When Canadian newspapers began publishing the Nazi party’s anti-Semitic policies across their front pages in the early 1930s, it seemed to intensify an already tense period. The Great Depression was in full swing in Canada and anti-immigrant sentiment was already strong. With millions of Canadians hit by unemployment, hunger, and homelessness, many saw the way the Nazis were handling the Jews in Germany, dismissing them from professions along with outbursts of violence, as a validation to act, rationally or not, for their own struggles.

Not that they needed validation from the Nazi regime. Anti-Semitism and anti-immigration were already well indentured into mainstream Canadian society at the time, after the Jewish population grew from a couple thousand around 1870, to 100,000 after World War I. The news from Nazi Germany just served to provide an excuse, albeit irrational, to act.

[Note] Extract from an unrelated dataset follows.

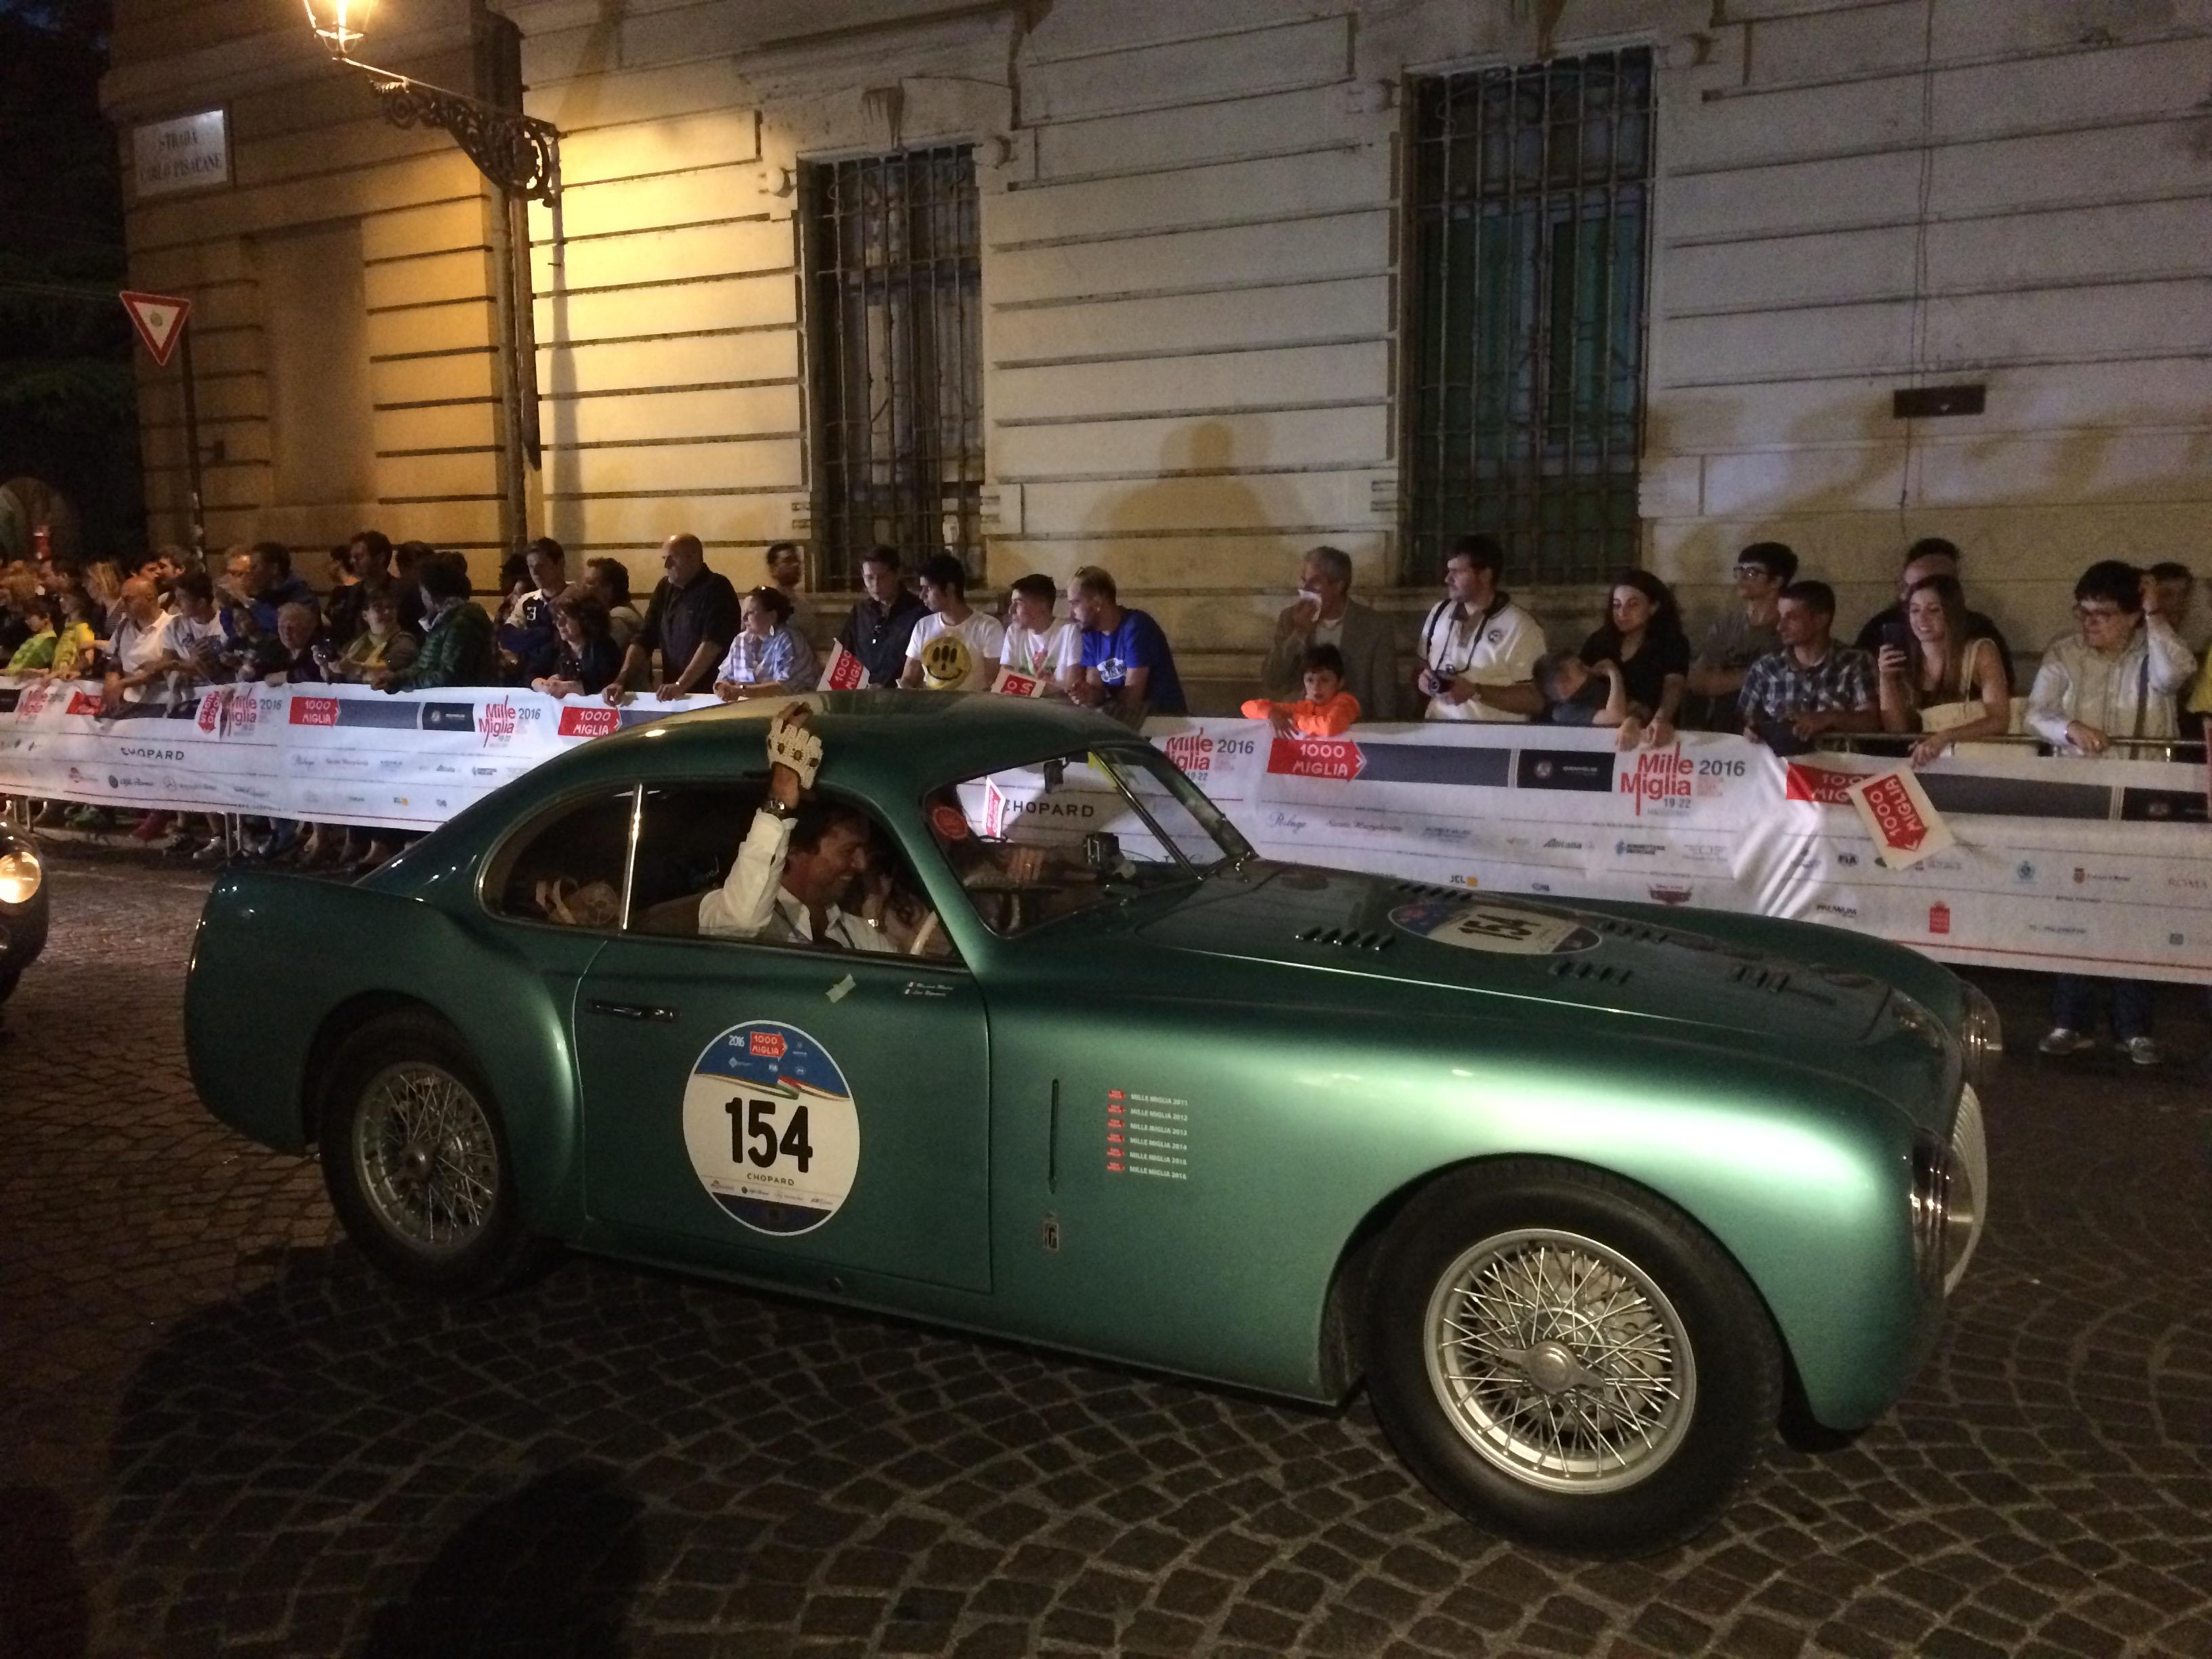 Mille Miglia veteranbilar kör in i Parma
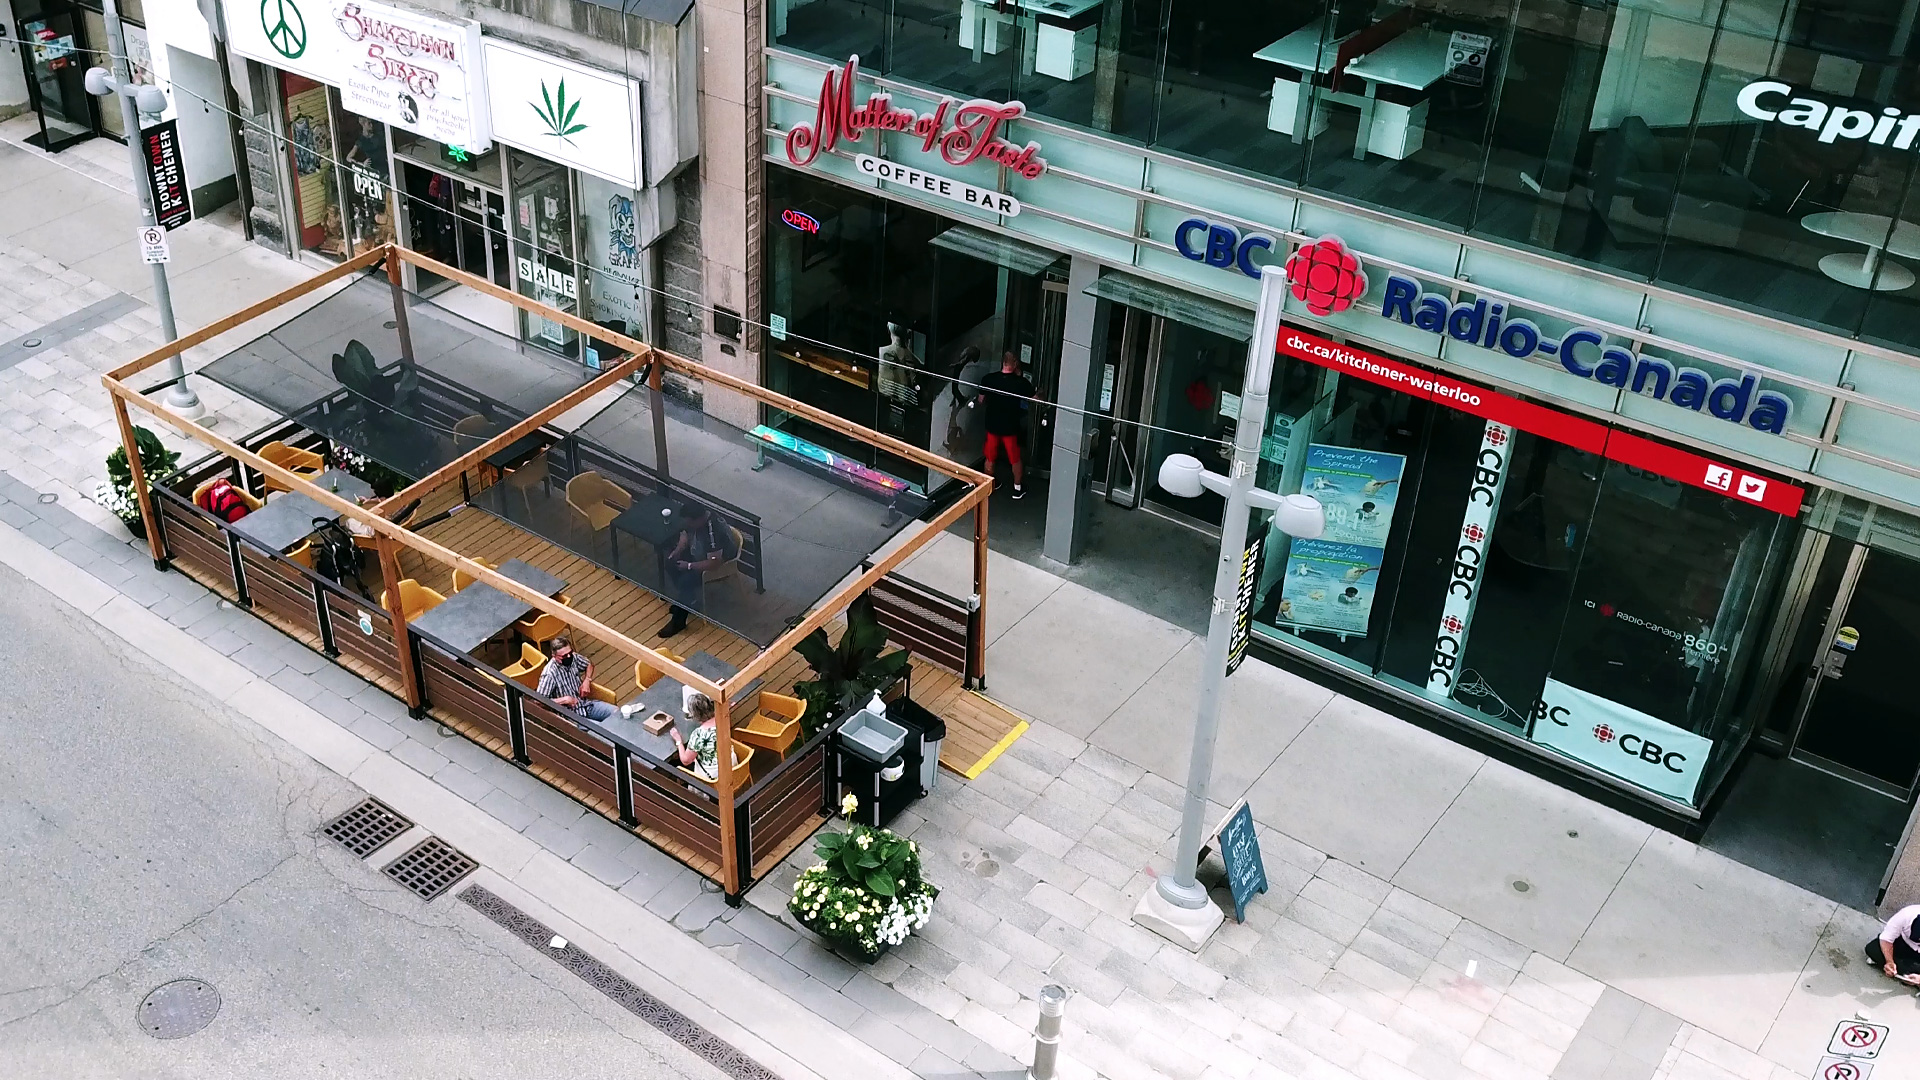 street patio on the sidewalk

Irrational because Jews were already second-class citizens in Canada, where they were often refused work, enrolment at universities, and prohibited from certain neighbourhoods. Jews hardly took up space in the economy as things were; but, perhaps they simply provided something for angry, entitled and unemployed Anglos to punch down on. Yes, that’s right, Anglo’s.

This story is perhaps the most muddled prologue to World War II that I have ever come across; here’s why. In 1933, Toronto was predominantly populated by British immigrants who, no surprises here, hated any other type of immigrants. They had strong social organisations that were anti-Semitic and anti-Catholic. This means no Jews, no Italians. Which is where it gets ironic given the way history unfurled. The British-Canadians, seeing the news from Nazi Germany, began ‘Swastika Clubs’ aimed at making Jews feel unwelcome, particularly in the beaches area of Toronto.

Over two August nights in 1933, already high tensions between the British and the Jews and Italians began to boil over at a local baseball game. The game was at Christie Pits, home ground of the Jewish Harbord Playground baseball team. Members of a local ‘Swastika Club’ were there, waving flags emblazoned with the Nazi emblem and shouting ‘Heil Hitler’ amongst the crowd in an effort to stir up the Jews. Two days later, there was another game, and there were the same provocations. Only this time, violence broke out. And not in the way a couple of meatheads might punch on in a dim carpark outside of a shitty bar. As the Jews tried to grab the swastikas, the entire park erupted in an all-out melee involving baseball bats, lead pipes, and truckloads of reinforcements. Jews and Italians versus the British-Canadian Nazis and any other Anglo in the area. All told, The Toronto Daily Star reported that 10,000 “wild-eyed and irresponsible young hoodlums” beat the crap out of each other that night.

Thankfully there were no deaths. But the irony that the British-Canadians were pushing Nazi ideals into the August air, and Italians fought alongside the Jews is not lost on me.

* * *

Pure as we begin

Here we have a stone

Throw to stay the stranger

Swore to crush his bones — Maynard James Keenan, Intension

The juxtaposition between who stood for what that night at Christie Pits and then six years later in World War II tells me that it doesn’t matter who we are or who they are, we just need to hate the other. We’re too scared of aloneness and too weak to find ourselves in solitude, so we seek a shared identity, a shared truth, with other people. When one person starts shouting, and then another, there’s suddenly something obvious on our doorsteps for us to latch onto. We form a mob because we’re too gutless to face one. I don’t think that we actually believe anything that the 1 % have to say, they’re just very good at seeking out our insecurities and fears and making us feel foolish if we don’t stand for something. Even if that something makes absolutely no sense. And we’ll convince ourselves that we do believe it.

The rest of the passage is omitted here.